Ghana’s premier refinery, Tema Oil Refinery (TOR), which has been struggling to stand on its feet due to poor leadership, is losing key workers whose hopes of seeing the refinery get a strategic partner hang in the balance.
The 45,000 barrels of oil per stream day capacity refinery, established in 1963 under the first president of the Republic of Ghana, is on the verge of collapse as it is saddled with so much indebtedness to both private and public institutions.
Deep throat sources within the refinery have told energynewsafrica.com that about ten engineers at the Crude Distillation Unit (CDU) and Residual Fluid Catalytic Cracker (RFCC) recently resigned to UAE to work in the country’s oil industry.
According to energynewsafrica.com’s sources, seven other staff have also tendered their resignation letters and are expected to quit at the end of October this year.
This will bring a total of seventeen key staff exiting the refinery in less than three months.
Currently, the refinery is not processing crude even though it recently completed the installation of furnace.
What the refinery does is rent out its storage tanks to bulk oil importers to keep their products at a fee.
Sadly, even with this arrangement, the refinery, sometimes, is unable to account for the total volumes of products stored in its tank, thereby, incurring losses.
Many energy analysts have shared opinions on how a functioning TOR would have helped in stabilising the rising cost of fuel in the West African nation.

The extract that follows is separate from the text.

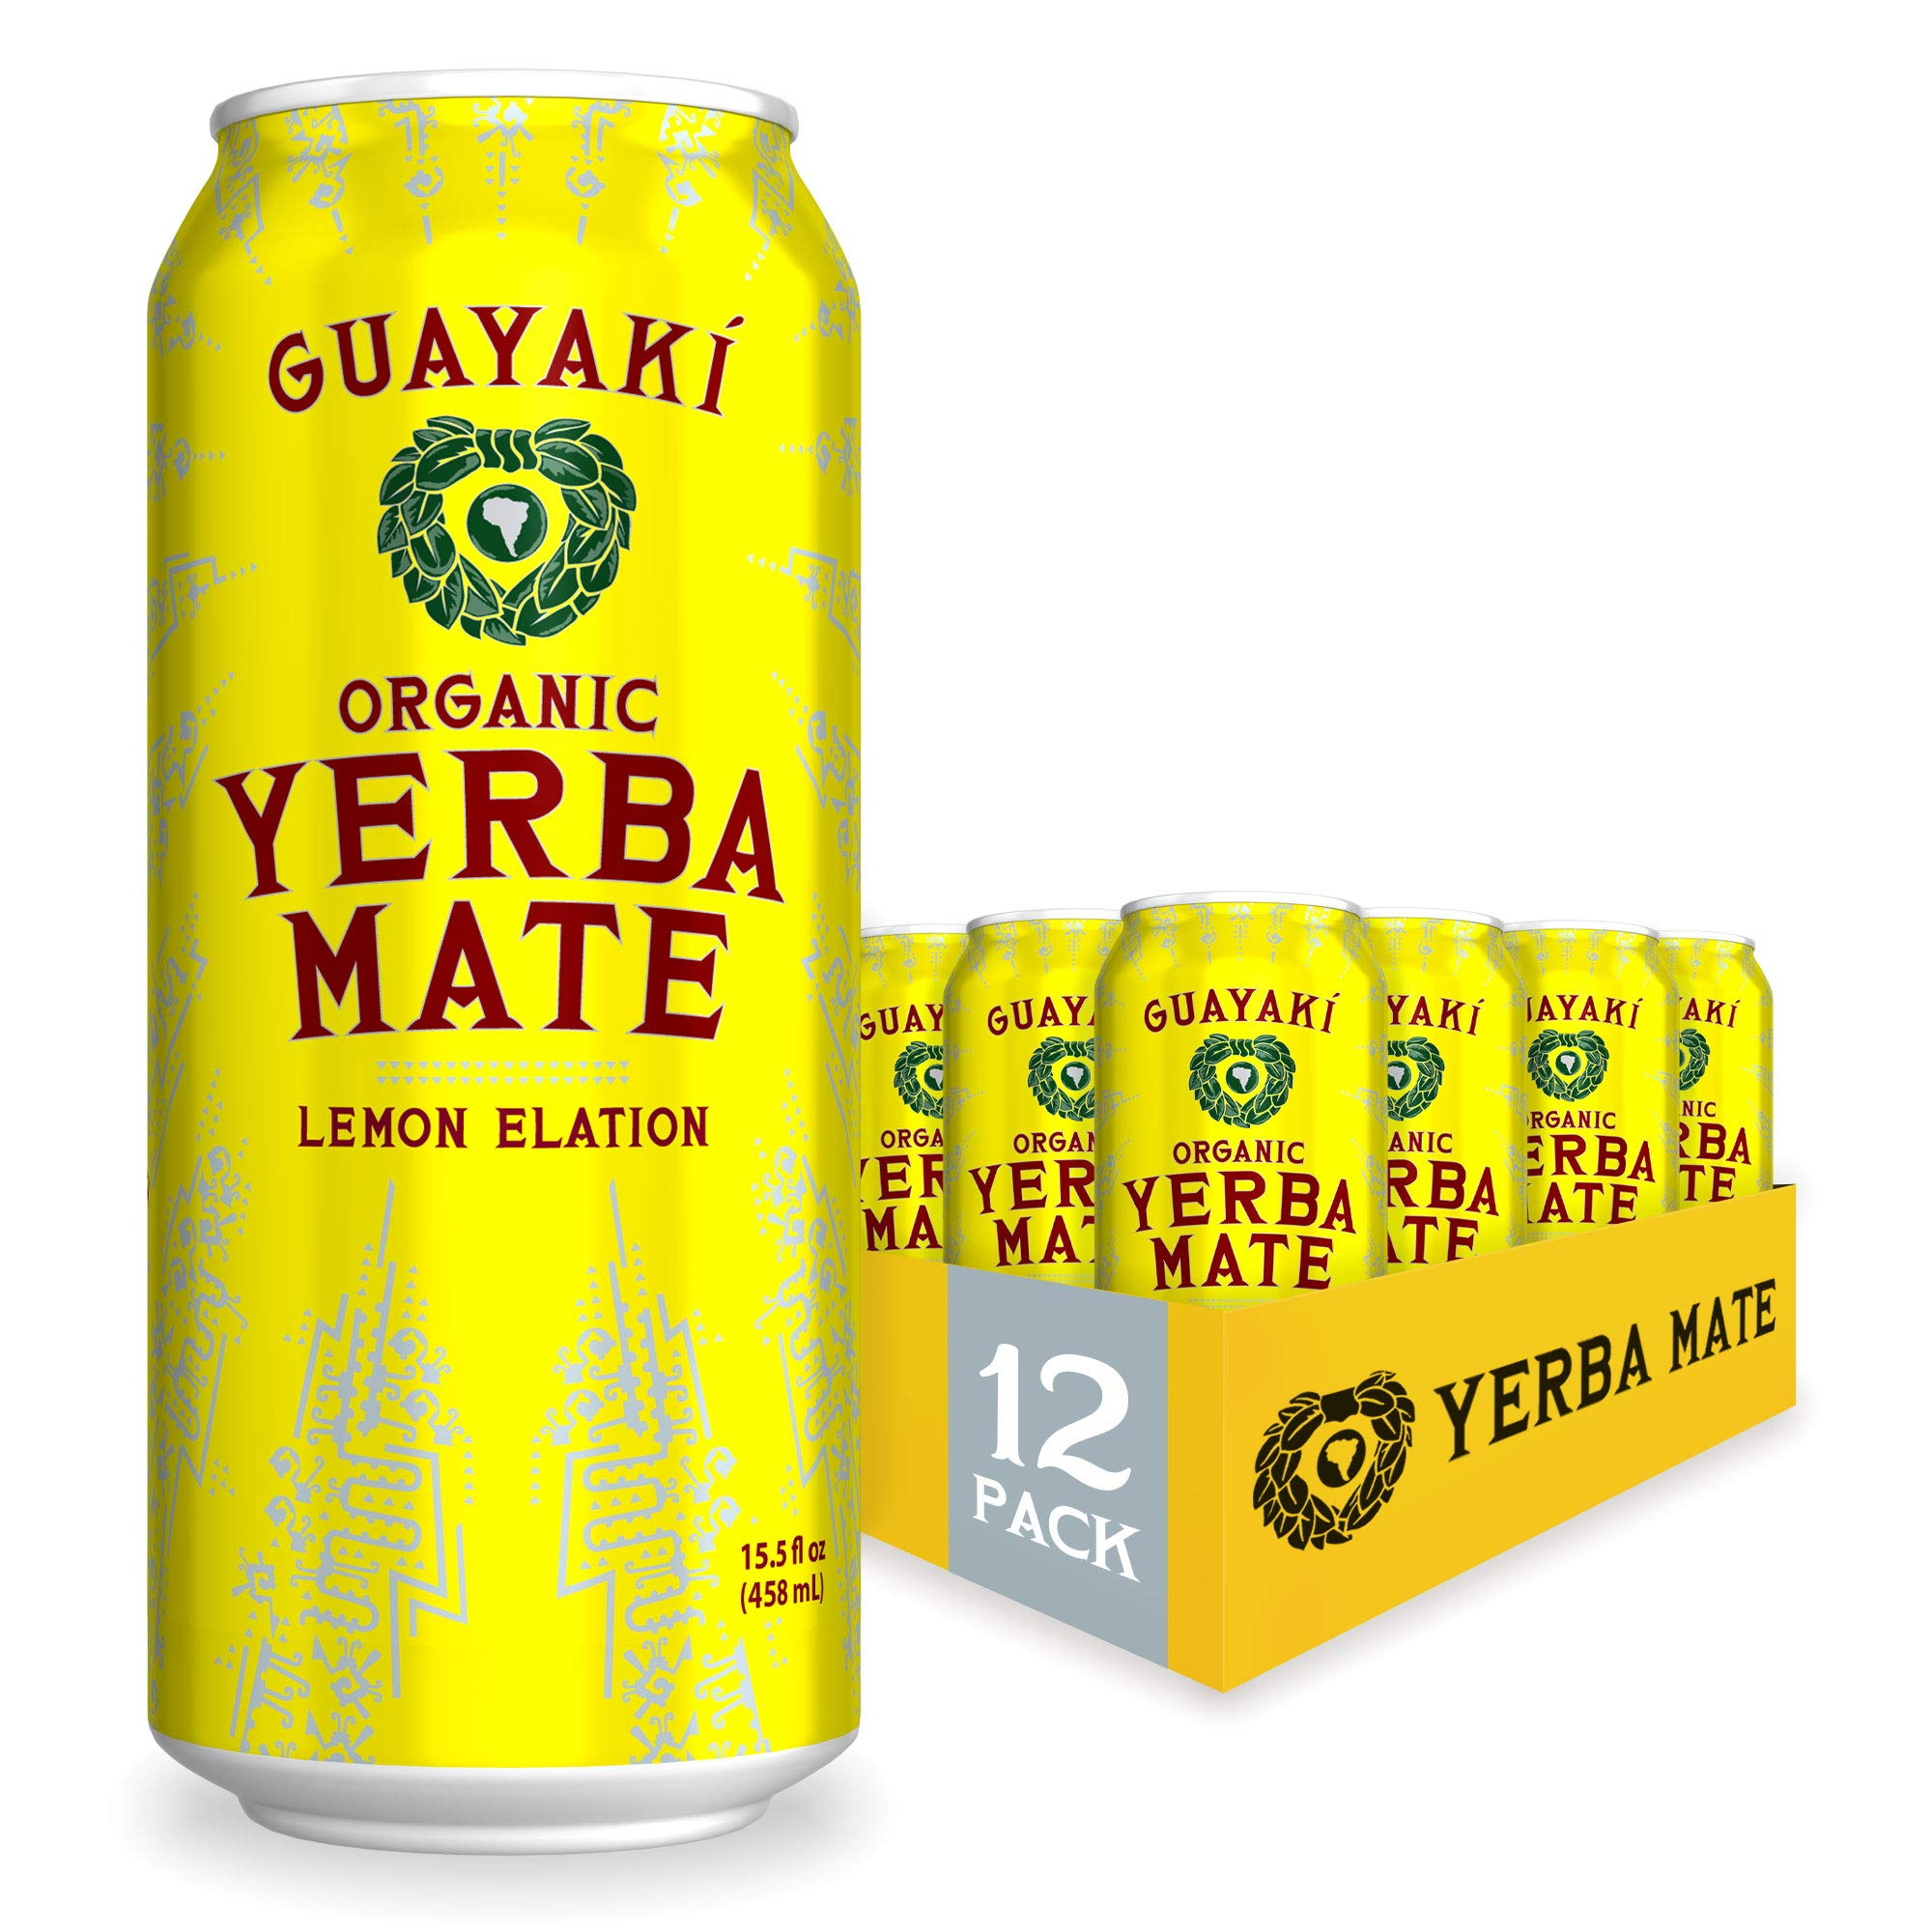 Guayaki Yerba Mate, Lemon Elation, Organic Alternative to Energy, Coffee and Tea Drinks, 15.5 Ounce Cans, (Pack of 12), 150mg Caffeine

With the exchange rate biting hard on petroleum products, these analysts believe that if TOR were processing crude oil, it would reduce the volumes of fuel imported into the country.
A good number of the staff of the refinery appears to be throwing their hands in despair.
They have pushed successive governments to recapitalise the refinery and put structures in place to make it viable but their wish is yet to see the light of day.
Attempts by the Energy Minister, Dr. Matthew Opoku Prempeh, to ensure that the refinery is rid of bad guys hit a snag as persons who were interdicted for their alleged involvement in product losses and financial malfeasance by a three-member Interim Management Committee (ICM) managed the refinery between June and October 2021 have all been cleared of no wrong-doing and returned to work.
When contacted about the situation in TOR, the National Chairman of Ghana Petroleum and Chemical Workers Union, Bernard Owusu, said he had heard about the resignation of some engineers at the refinery.
He said the union was concerned and is planning to meet the Minister for Energy to discuss the way forward of the refinery.